SUPPLIED MATERIAL -
>>>

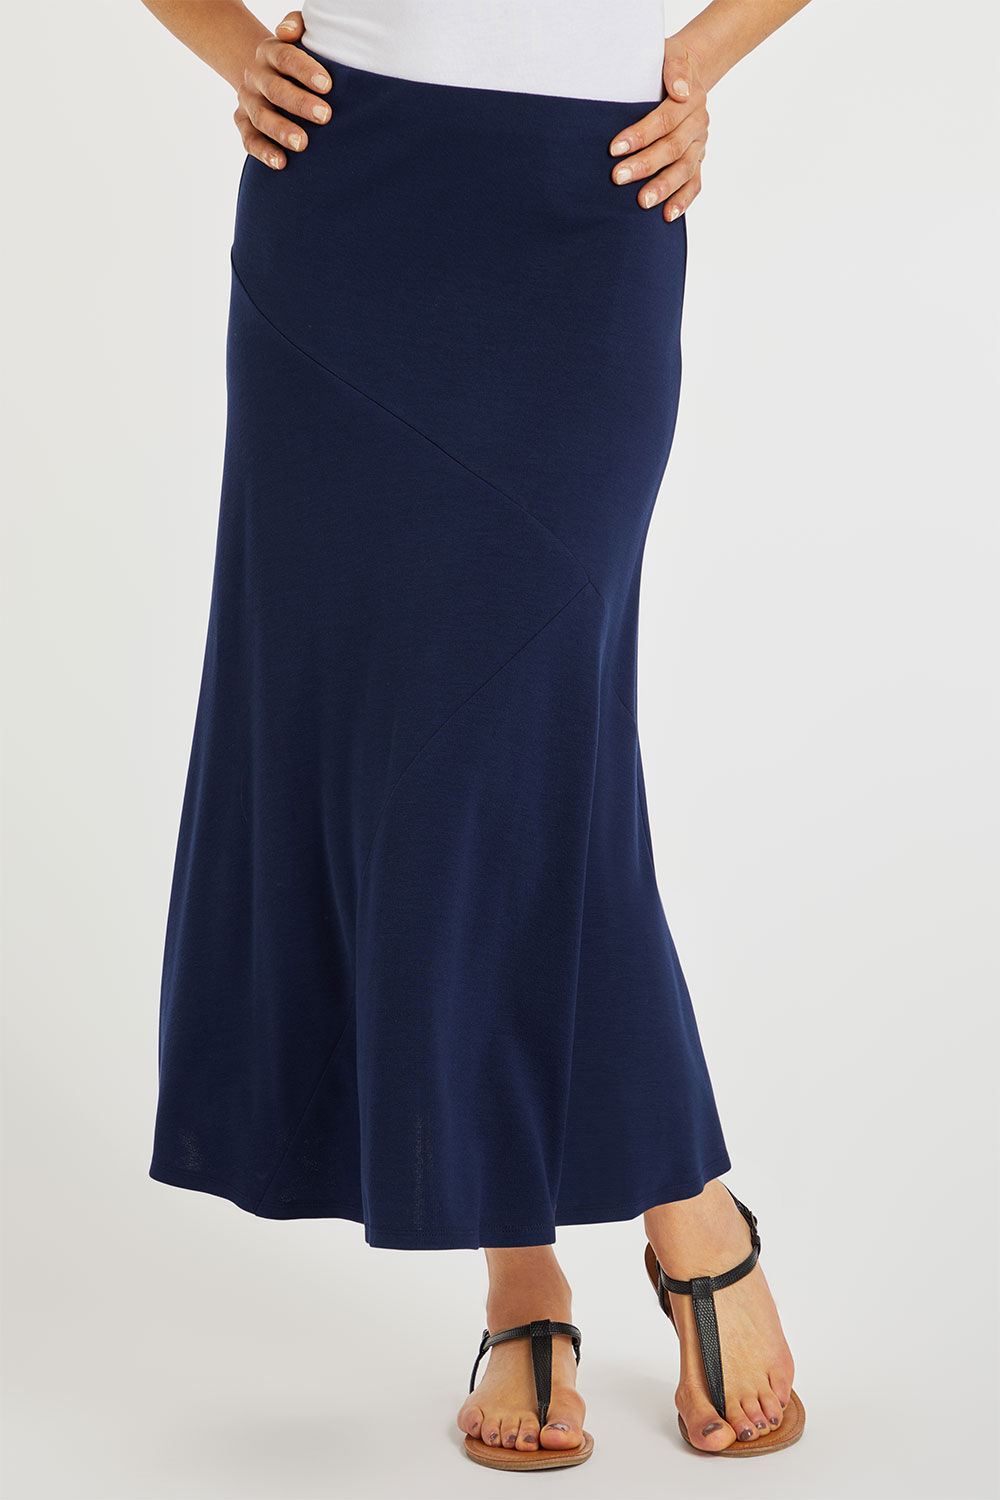 Bonmarche Ladies Navy Blue Viscose Plain Cut And Sew Panelled Skirt, Size: 10 - Summer Dresses
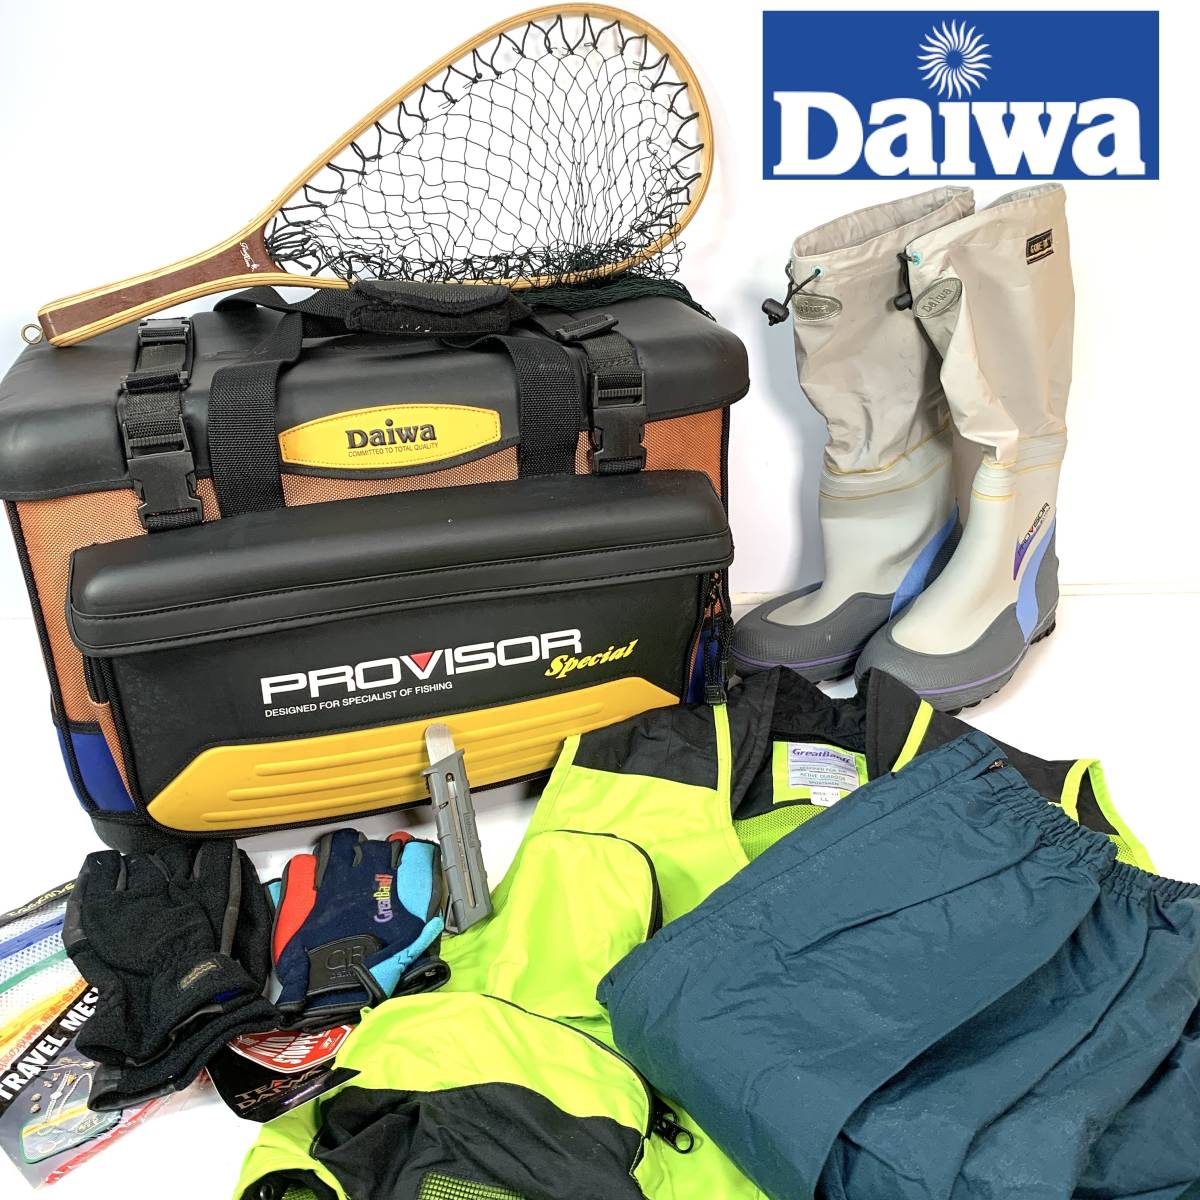 Daiwa] summarize Daiwa PROVISOR Special cool back /GREAT BANFF the best  [LL] trousers [L] boots PROVISOR[26cm] fishing fishing used : Real Yahoo  auction salling
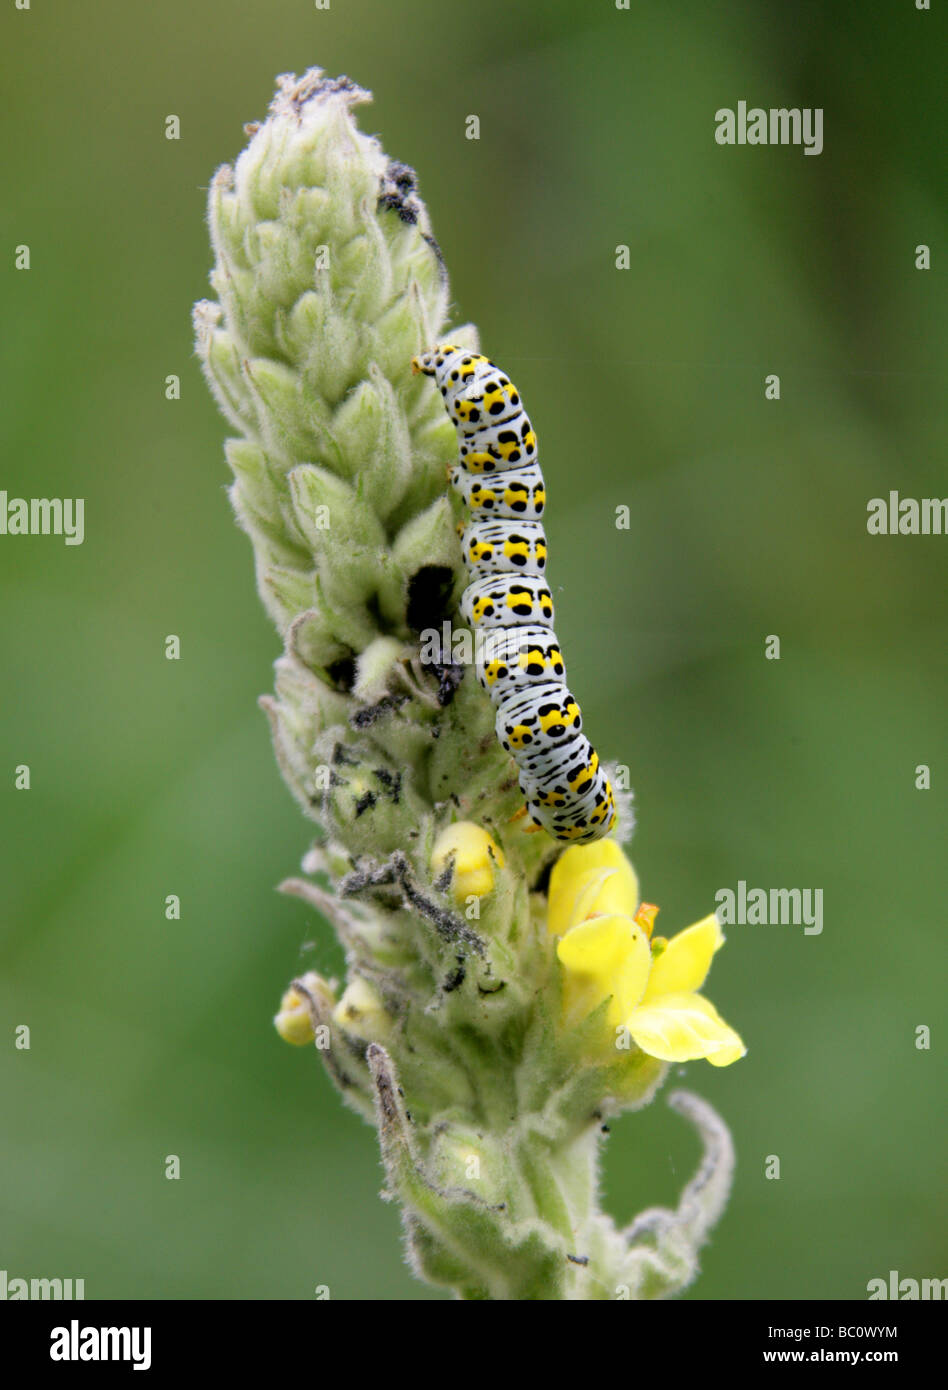 Mullein Moth Larva Feeding on Great Mullein Plant, Cucullia verbasci, Cuculliinae Noctuidae, Noctuoidea, Lepidoptera Stock Photo
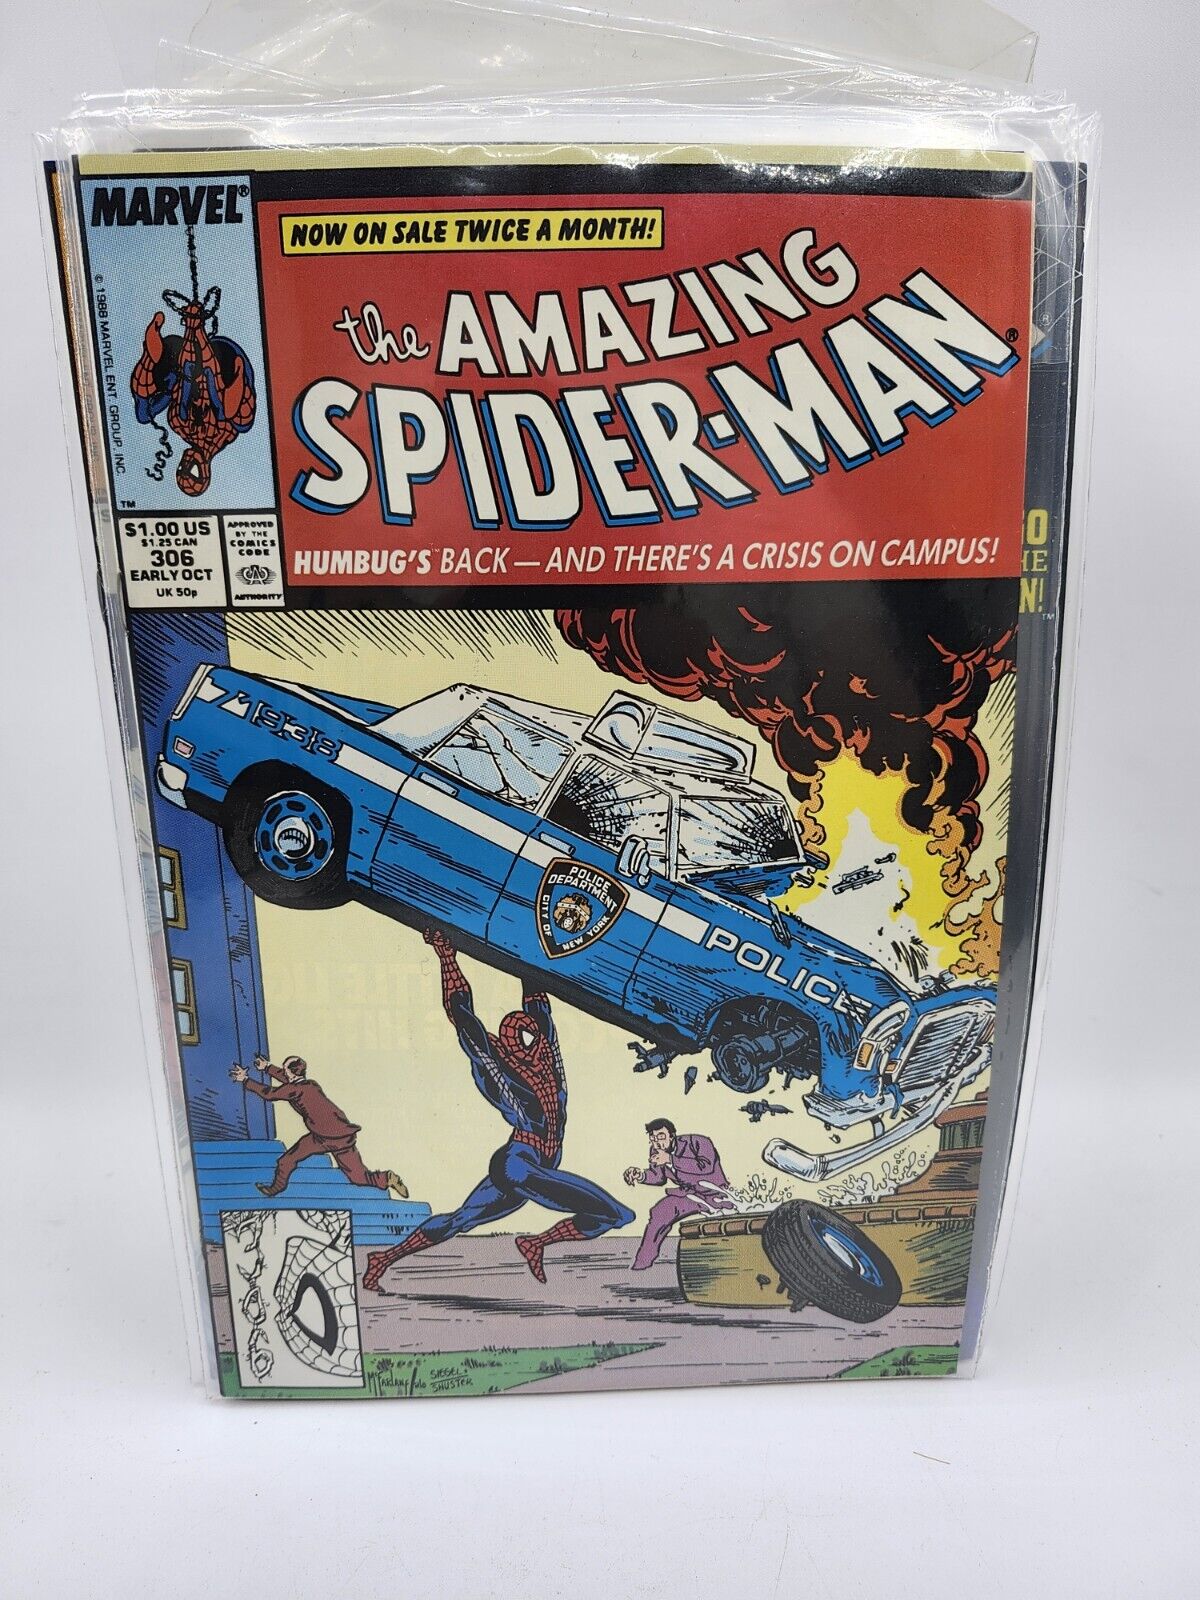 1988 Marvel Comics The Amazing Spider-Man #306 Action Comics #1 Homage

<<<

TASK INSTRUCTIONS - In your copy, the listing above should appear word for word, with no images.

SOLUTION FOR THIS TASK -
 Bonmarche Ladies Navy Blue Viscose Plain Cut And Sew Panelled Skirt, Size: 10 - Summer Dresses
 Daiwa] summarize Daiwa PROVISOR Special cool back /GREAT BANFF the best  [LL] trousers [L] boots PROVISOR[26cm] fishing fishing used : Real Yahoo  auction salling
 Mullein Moth Larva Feeding on Great Mullein Plant, Cucullia verbasci, Cuculliinae Noctuidae, Noctuoidea, Lepidoptera Stock Photo
 1988 Marvel Comics The Amazing Spider-Man #306 Action Comics #1 Homage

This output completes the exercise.